Written by ravirdv the 28 Feb 08 at 14:31.
Category: System.
Related project:
Nothing/Others.
Status: New
Rationale
Summary:
Ability to download only changed bits of files and use much less bandwidth.
Scope and Use Cases:
Ann has slow internet connection. She sees that there are 150MB of updates and decides not to update at all leaving her with vulnerable and buggy system.
Implementation Plan:
Adopt it from Debian?
I think one of the Debian guys was working on this system a few years back. It would be a fantastic addition. I think most of the other OS players use something similar.
It's not just download time, but a lot of pepole around the globe still have a download limit. Currently a lot of South African providers have limit between 2gb to 6gb. If more 10% of your download goes to updates, you really think about skipping them.
Sure, and it would be very good to have an intuitive and easy way for offline update. Sometimes you don't have Internet at all, and you cannot even make a package database update...
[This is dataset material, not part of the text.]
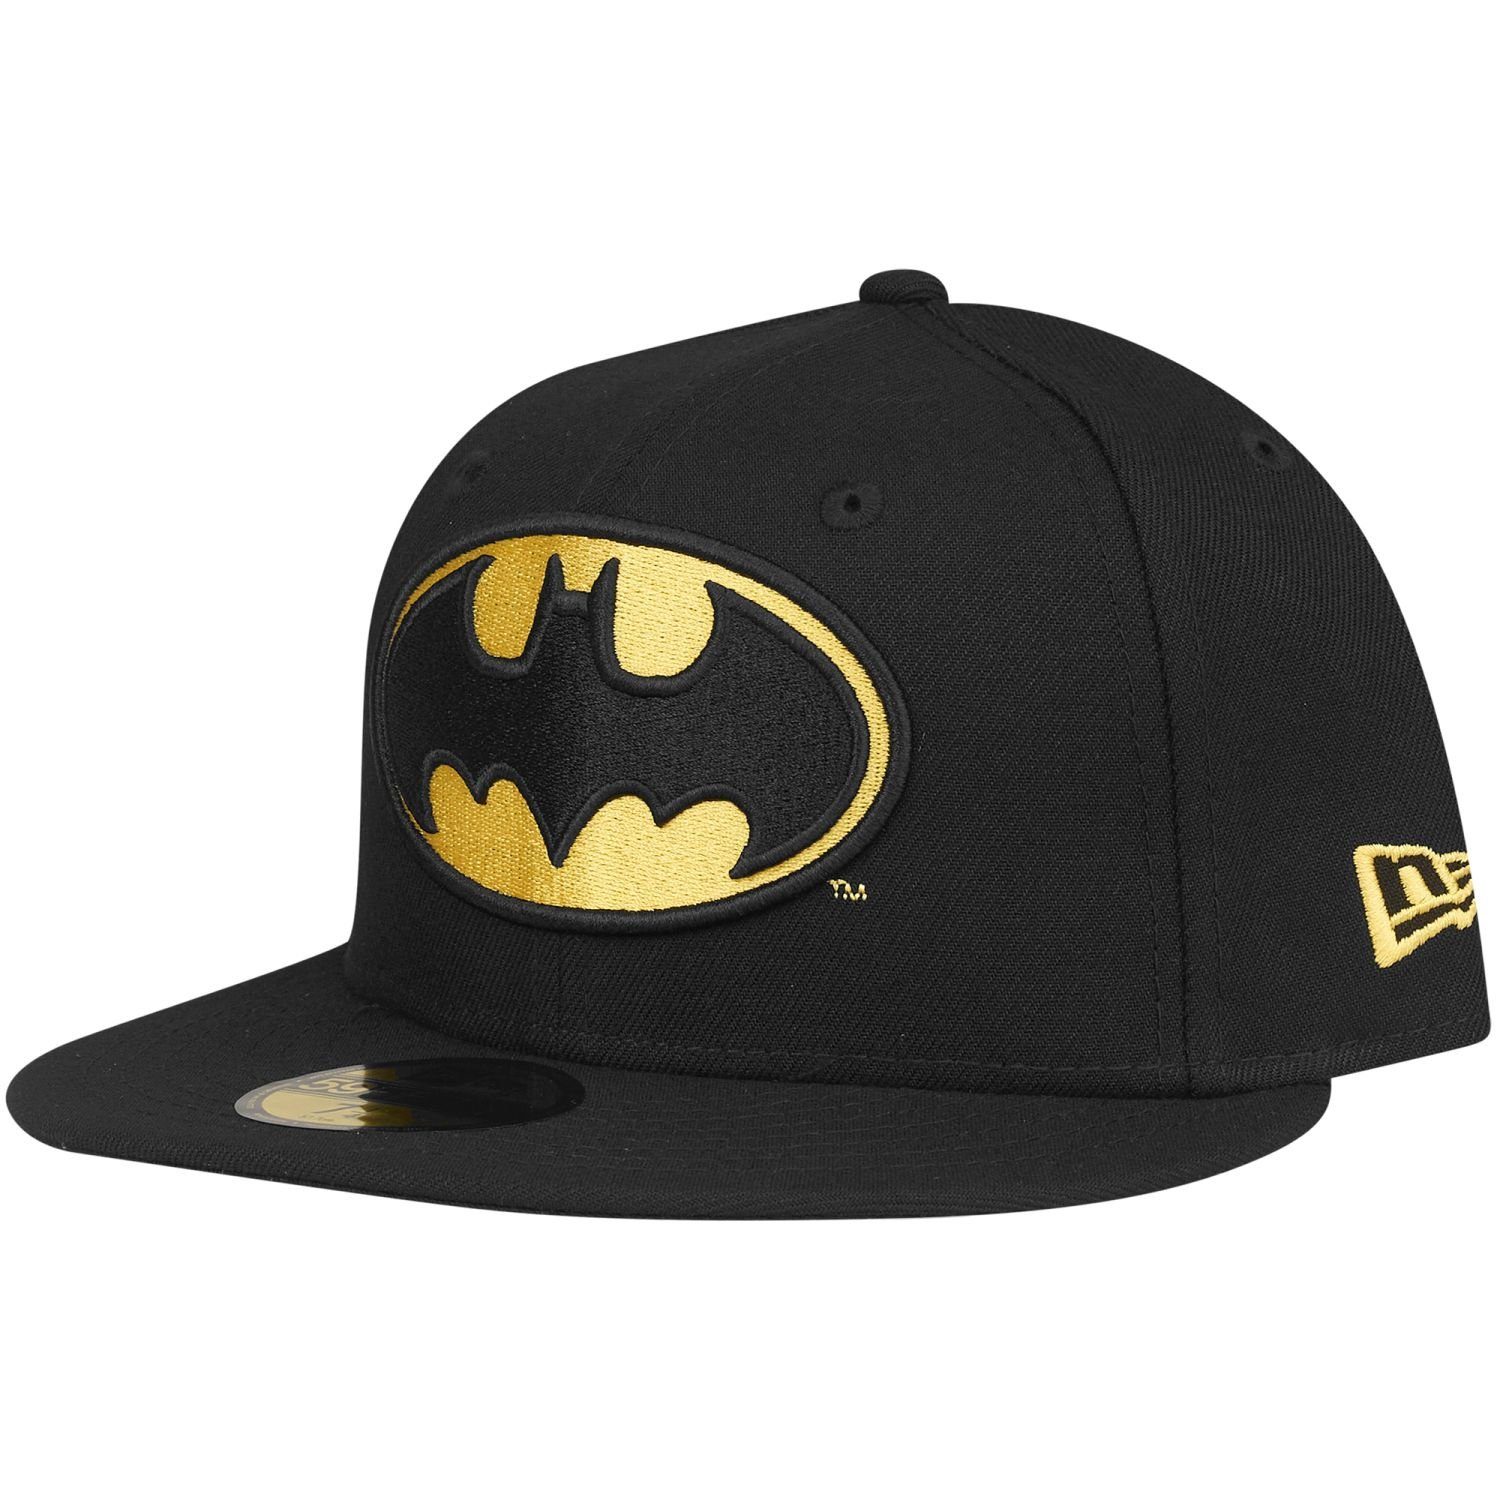 New Era Fitted Cap 59Fifty MOONBEAM Batman | Fitted Caps

I think of this: Synaptic generates a Python script. Running the script on other machine with Internet access (Windows with OpenOffice with built-in Python; or other Linux machine with Python installed) would download all needed packages into a singles direcotry. Than you just show this directory to Synaptic and it installs the packages, and also updates the package database information.
i think this is really usefull for everyone, and i also think that there should be an option to use p2p tecnlogy (like kadmelia or whatelse) to get those delta updates.
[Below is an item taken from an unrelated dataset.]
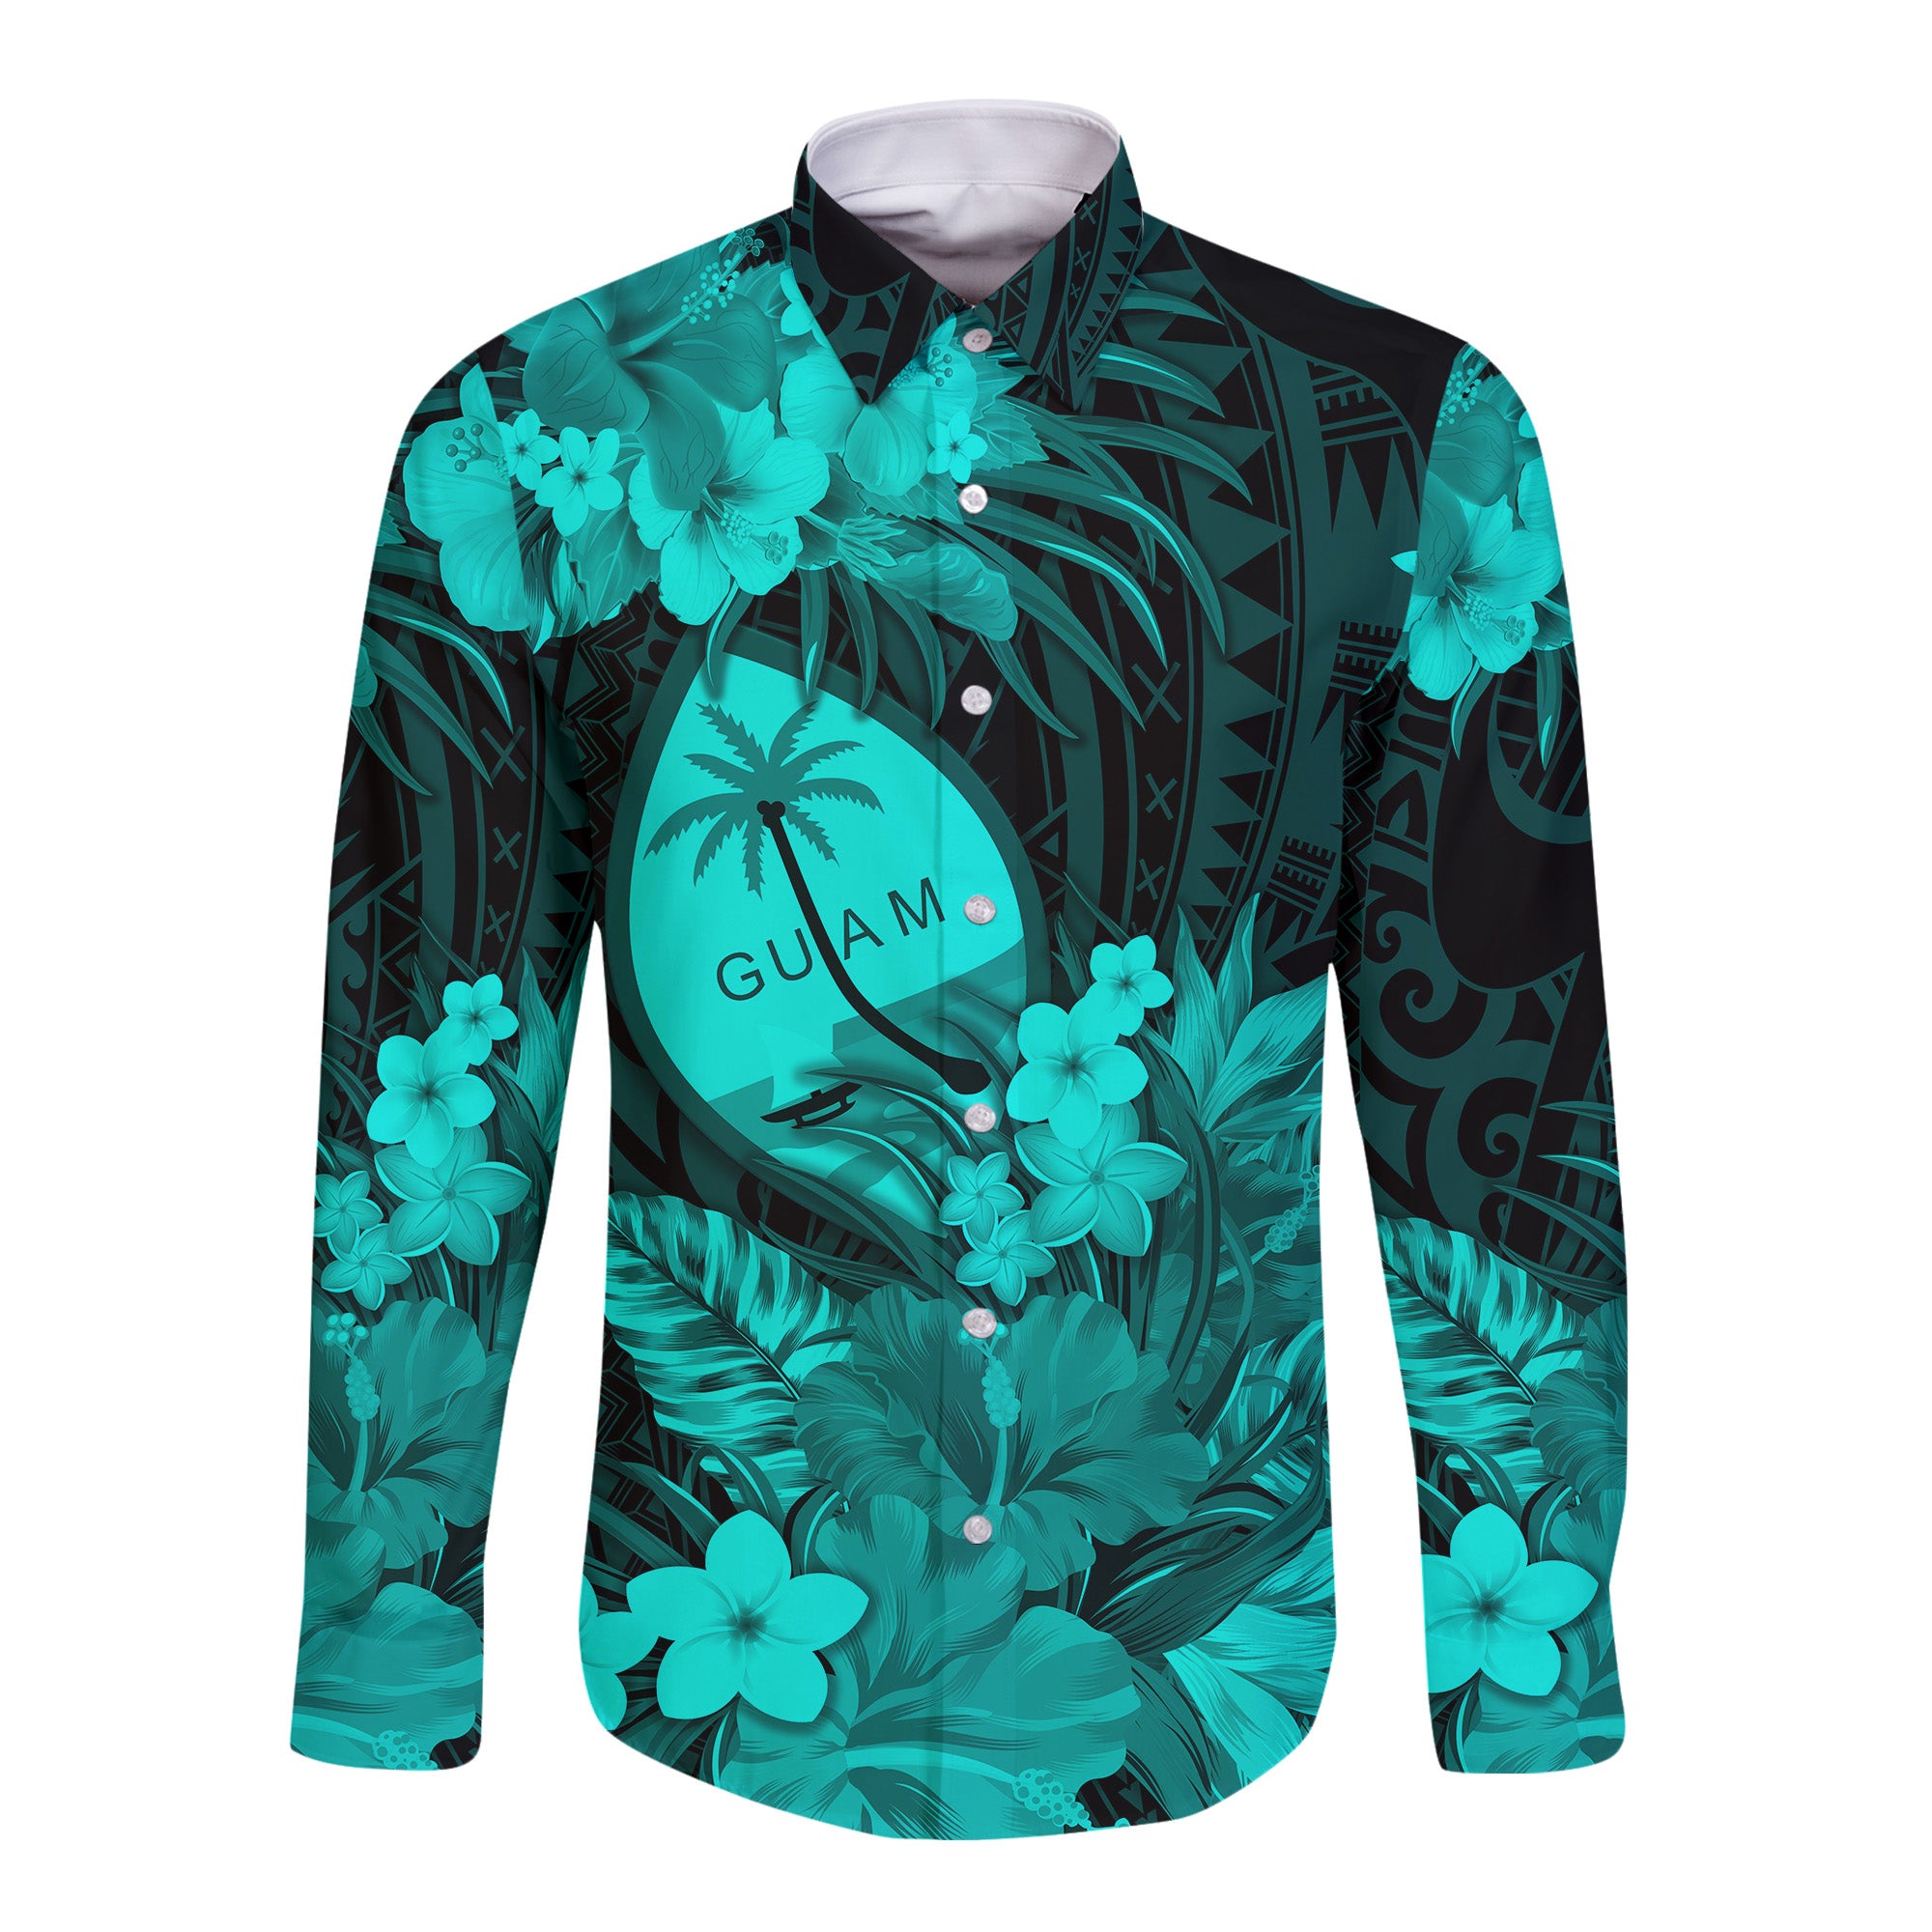 (Custom Personalised) Guam Polynesian Hawaii Long Sleeve Button Shirt Tropical Flowers - Turquoise LT8 - Polynesian Pride

Perhaps rather than a diff between version X and version Y this would be a better use for Par2 which can use any repair block to fill in any other block of changed data. (And par3 whenever it comes out)
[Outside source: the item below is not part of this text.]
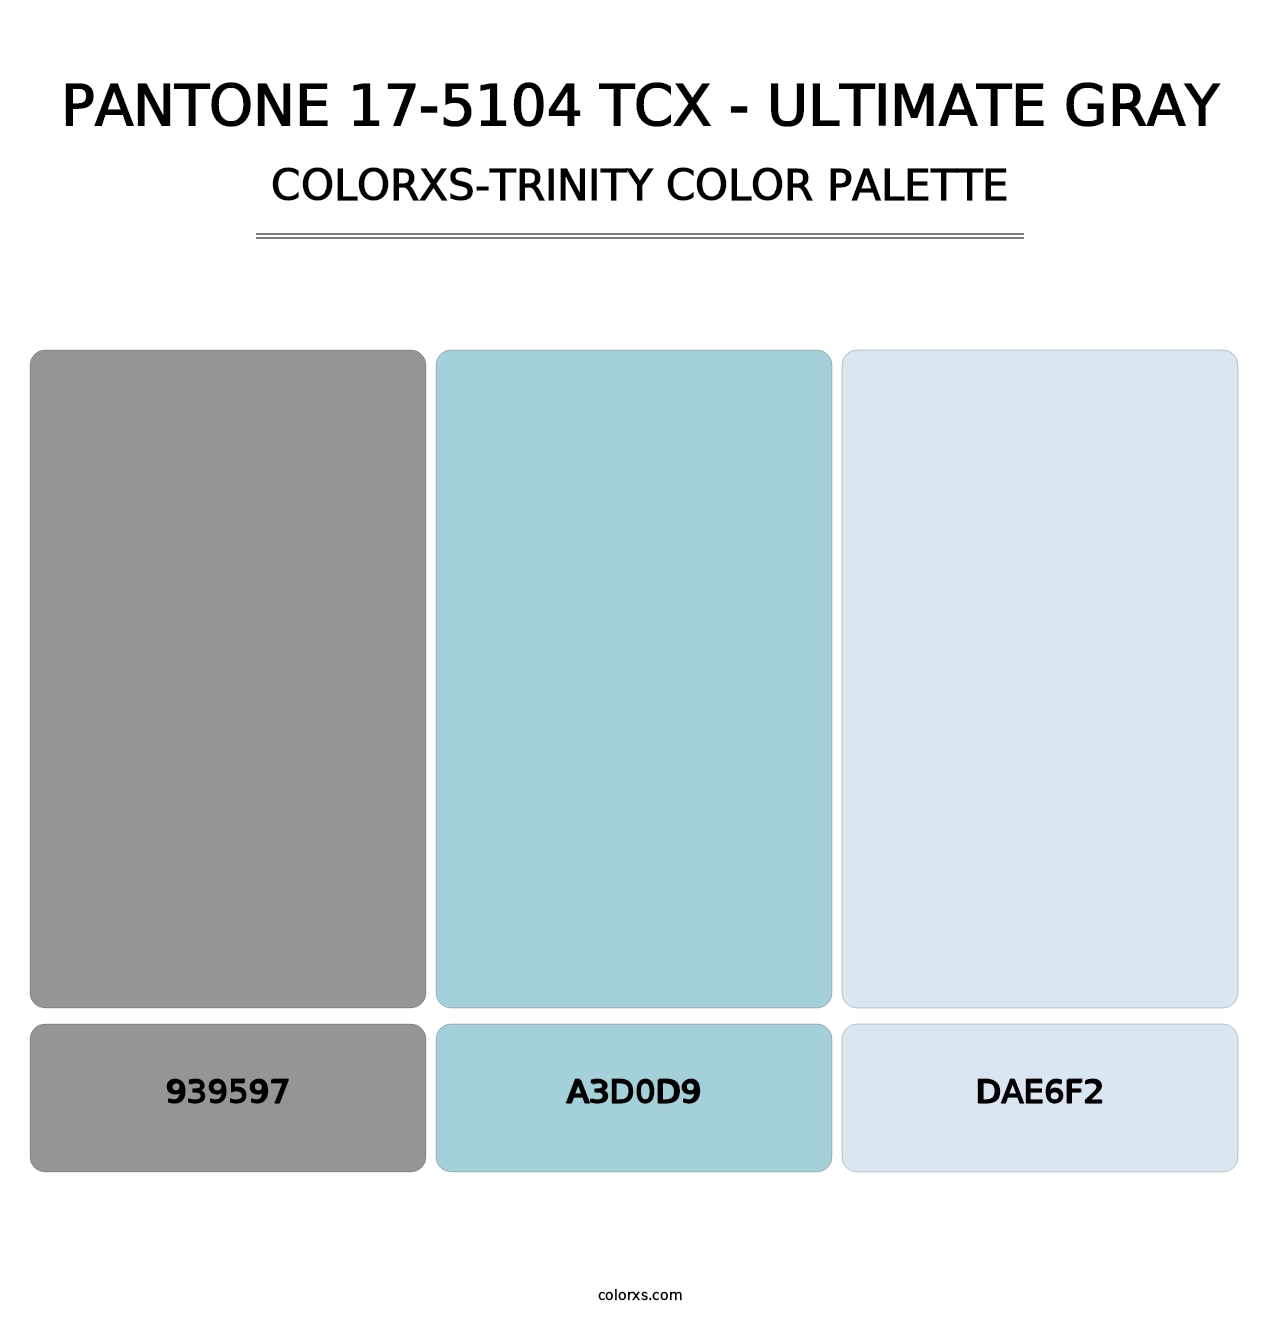 PANTONE 17-5104 TCX - Ultimate Gray - Colorxs Trinity Palette

If disk space on the server isn't too much an issue it could work like so:
1) make a 100% par2 set on the patch server (this is faster in an extreme fashion with par3 (100x), par2 also has a limitation of 32767 blocks where par3 would have one much higher. Given patches I see tend to top-end at the hundreds of MB this probably wouldn't be a concern in block-size.)
2) Retrieve .par2 from patch server
3) Run .par2 against a script-given directory (directories would need to be implemented)
4) request as many blocks as are needed to repair all blocks of 'damage' (this process of repair would be faster with par3 in some situations)
As long as the tool being patched isn't intolerant of being reset completely to default any version could be reverted to any other version currently stored on the patch server. I imagine it wouldn't be terribly impossible to script something to handle the reverse direction if necessary to revert something everywhere at once in userland.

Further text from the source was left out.